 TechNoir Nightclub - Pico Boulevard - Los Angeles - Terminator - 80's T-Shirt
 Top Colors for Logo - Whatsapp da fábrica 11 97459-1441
####################
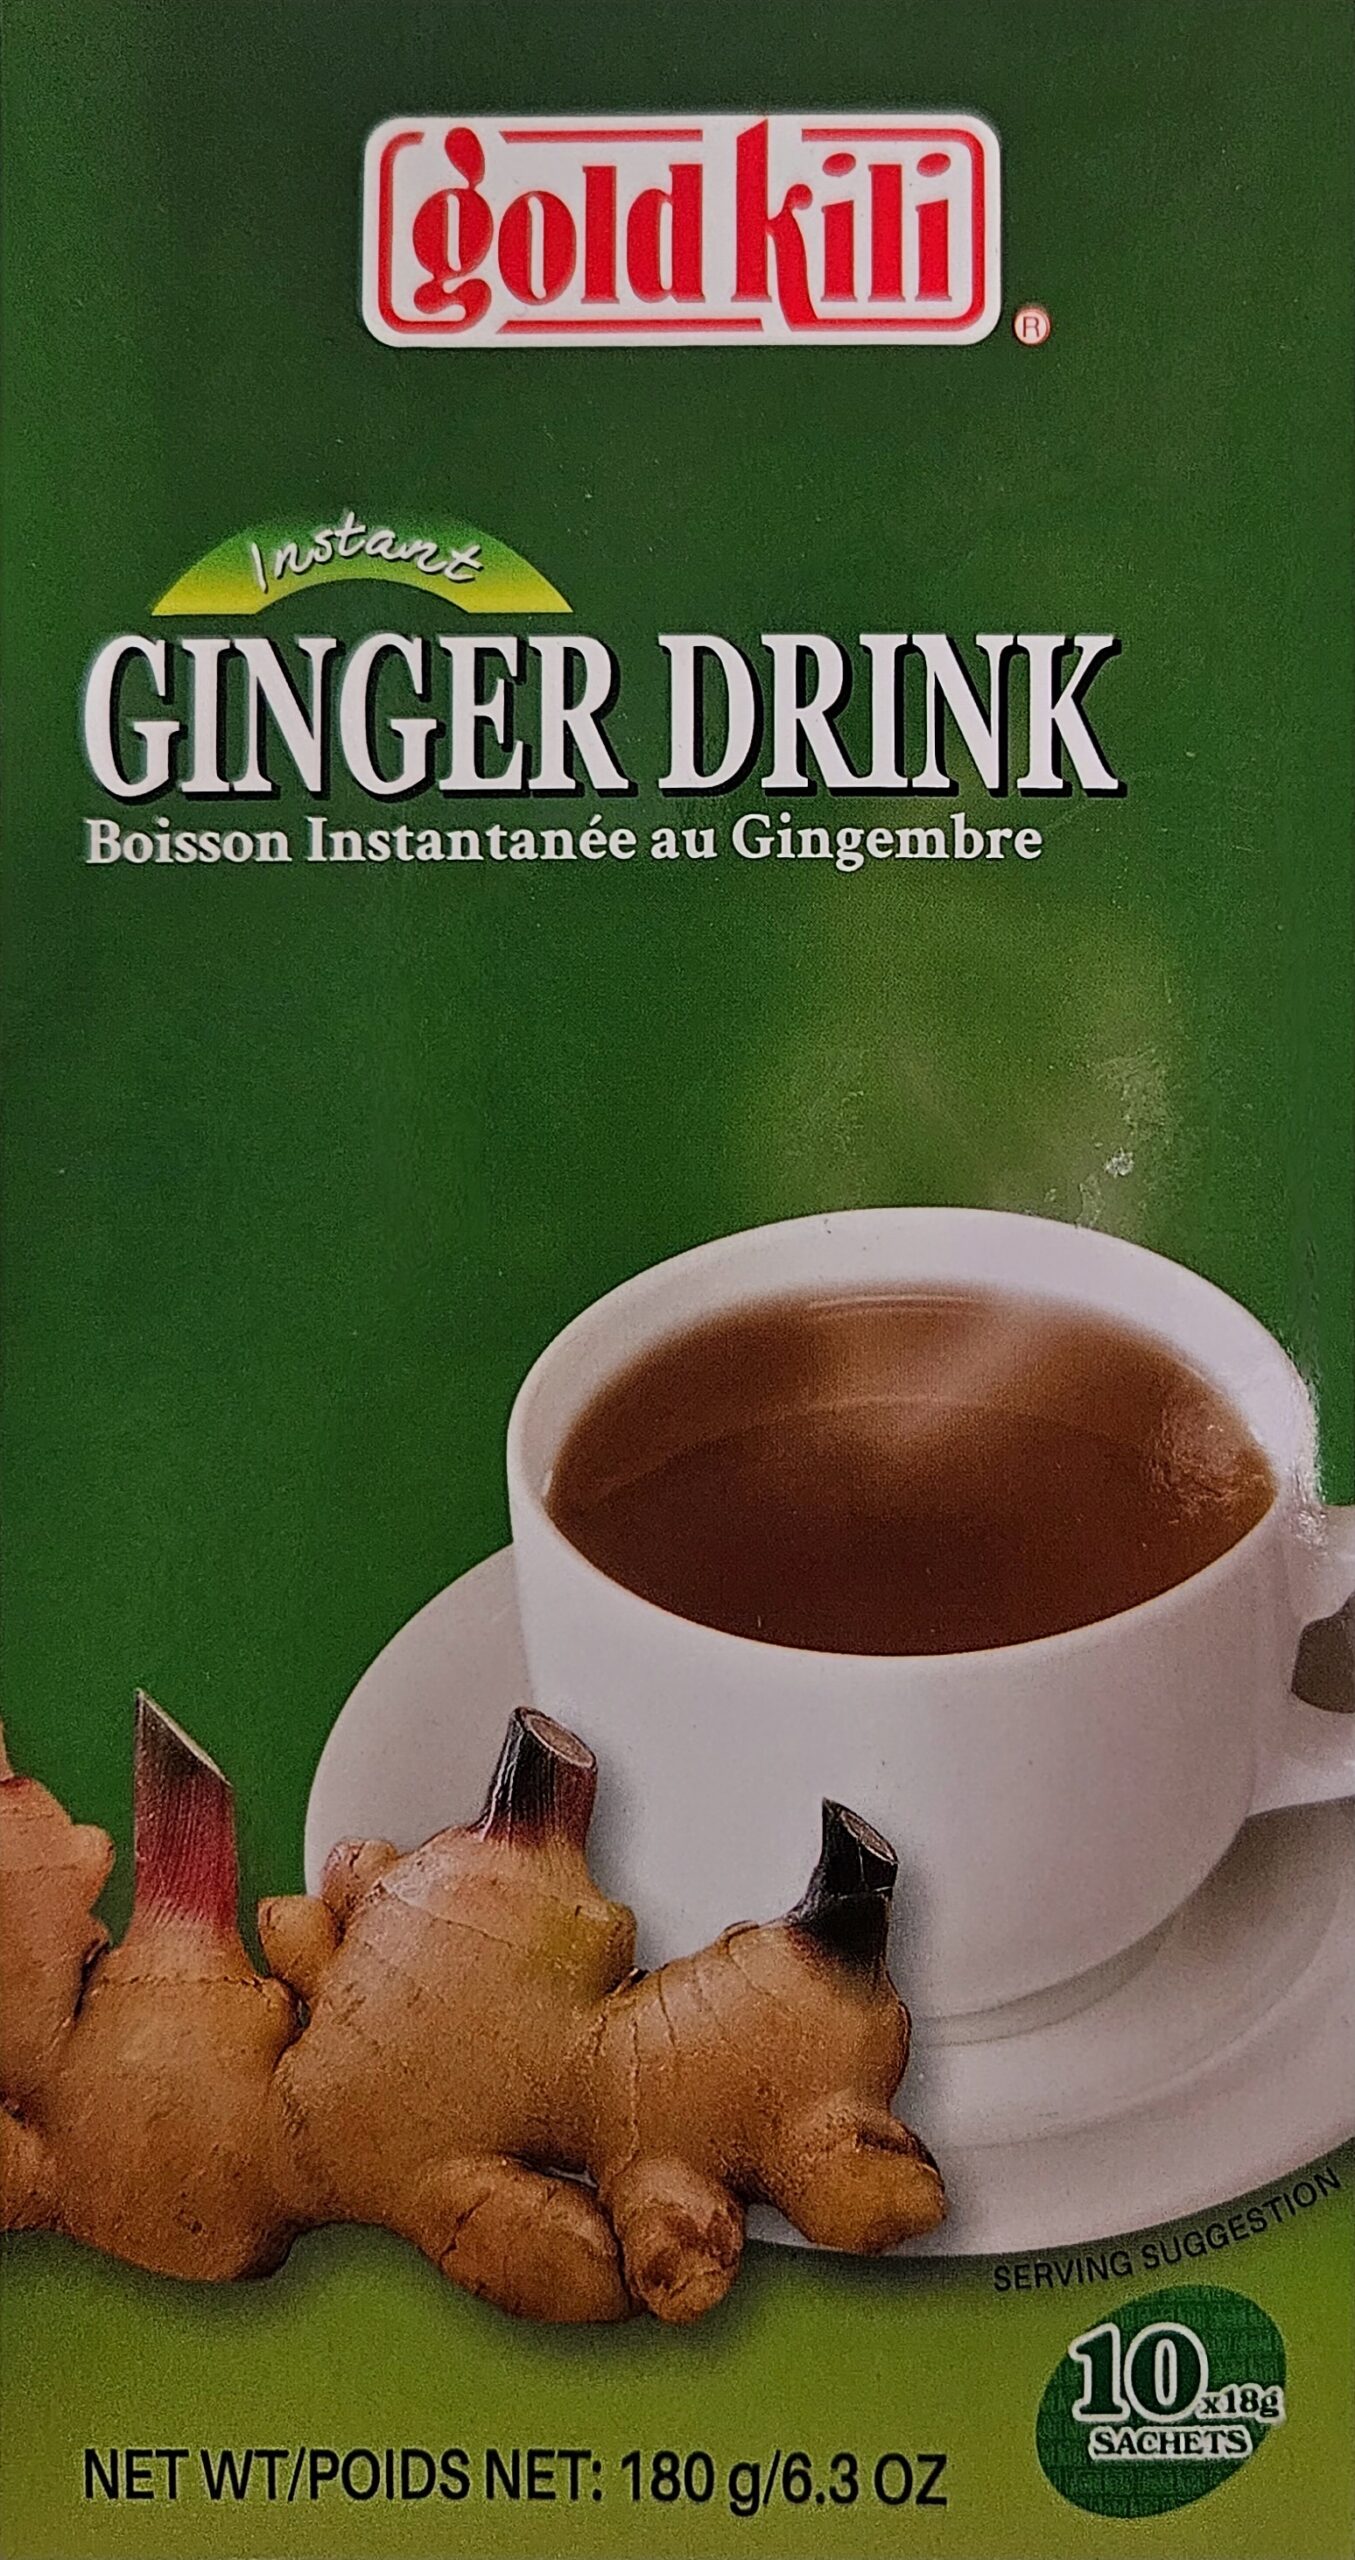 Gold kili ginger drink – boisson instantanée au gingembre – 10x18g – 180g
####################
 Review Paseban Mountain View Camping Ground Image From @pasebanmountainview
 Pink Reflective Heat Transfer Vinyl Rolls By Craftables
####################
**Problem**
Retype exactly the span of lines from the one with "TechNoir Nightclub - Pico" through the one with "Top Colors for"; include both ends and omit the rest of the material.

**Solution to this problem**
 TechNoir Nightclub - Pico Boulevard - Los Angeles - Terminator - 80's T-Shirt
 Top Colors for Logo - Whatsapp da fábrica 11 97459-1441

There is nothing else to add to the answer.